- Хотелось бы верить.
- Твой муж слишком придирается к тебе, не так ли?
- Не совсем.
- И твоя мать тоже?
- Она из тех, кто любит критиковать.
- Грузит по полной… твой отец не раз жаловался мне. И я уверен, тебе нелегко было расти с отцом, который всегда на виду, в центре внимания.
- Особенно со стороны женского пола.
- И что в этом такого страшного?
- Ничего.
- На самом деле ты в это не веришь. Тебе противно думать о том, что твой отец погуливал. Хотя тебе никогда не хватало смелости обманывать своего мужа.
- Откуда ты знаешь?
- Да это у тебя на лбу написано, - улыбнулся он.
Молчание. Я потянулась за сигаретой, закурила.
- Можно еще вина?
Он наполнил мой бокал.
- Я был слишком резок? - спросил он. - Я сказал все, как есть?
- Тебе ведь все равно, даже если и так?
- Кому приятно слушать правду?
- Мне не обязательно слушать то, что я и так давно знаю.
- Как скажешь.
- Ты, наверное, считаешь меня провинциальной дурочкой.

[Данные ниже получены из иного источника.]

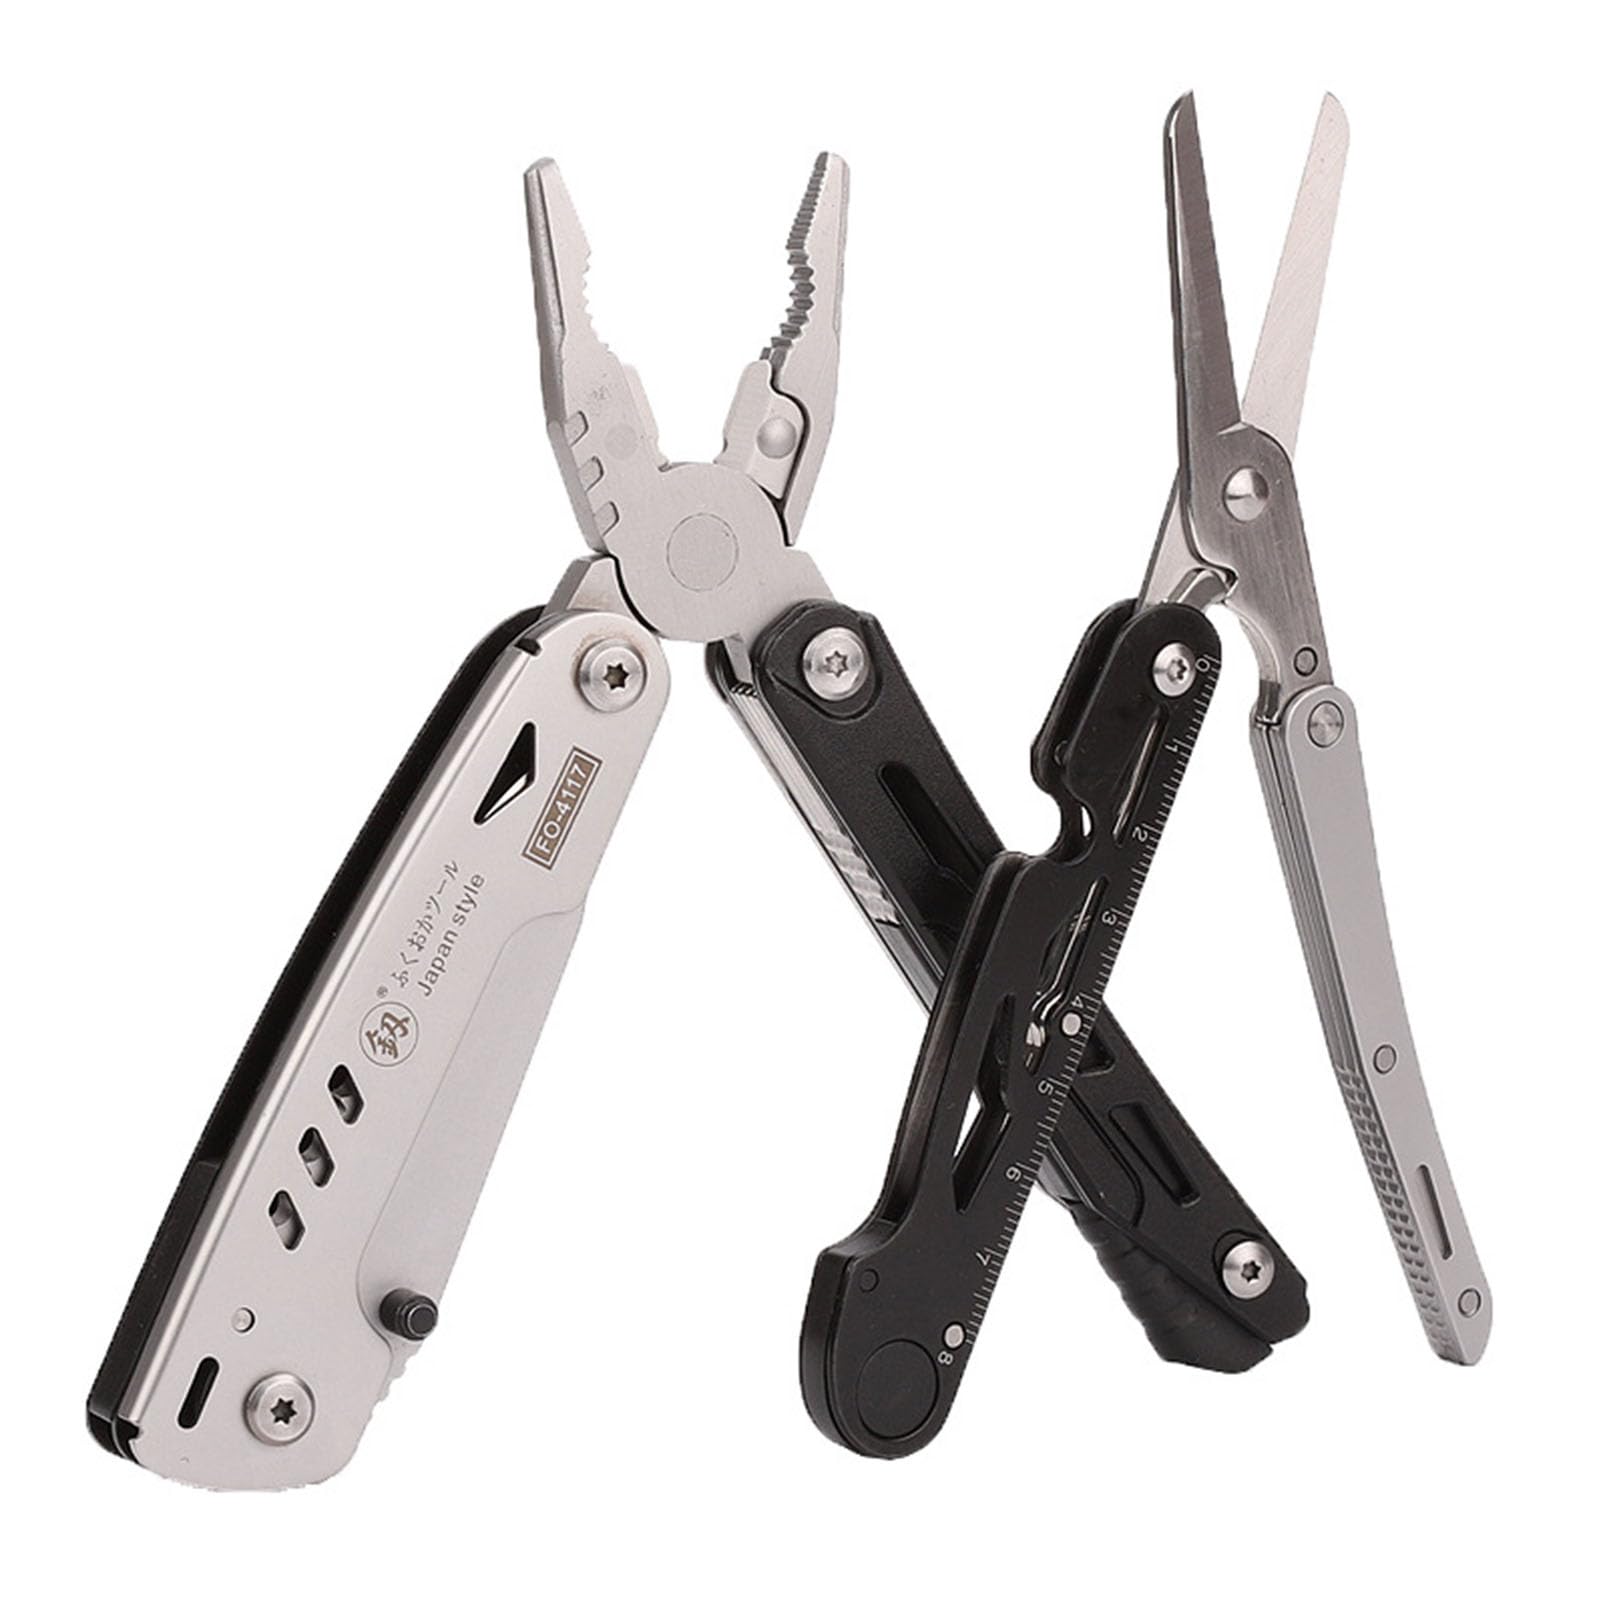 Pocket Multitool - Versatile Men's Utility Tool with Large Scissors - Ideal for Survival, Camping, Fishing, and BBQ Adventures

- Нет, это ты так о себе думаешь. А я… знаешь, ты очень напоминаешь мне мою сестру, Элен.
- Что с ней случилось?
- Элен была очень порядочной женщиной. Возможно, слишком порядочной. Всегда старалась всем угодить, никогда не лезла вперед, тем более со своими нуждами и амбициями. Невероятно яркая женщина - magna cum laude Оберлинского колледжа, - но связала себя бесперспективным браком с каким-то бухгалтером. За четыре года нарожала троих детей и совершенно погрязла в быту. Ее муж, Мэл, оказался из тех недоумков, которые считают, что место женщины на кухне. Вместо того чтобы сделать трудный и опасный шаг, вырваться на свободу, она решила терпеть этот брак. И постепенно впала в глубочайшую депрессию. Мэл - тот еще мерзавец - своими насмешками только доводил ее. Он даже грозился упечь ее в психушку, если она не выкарабкается из депрессии. Она рассказала мне об этом за три дня до того, как ее автомобиль слетел с трассы у побережья озера Эри. Врезался прямо в дерево. Она не была пристегнута ремнем безопасности…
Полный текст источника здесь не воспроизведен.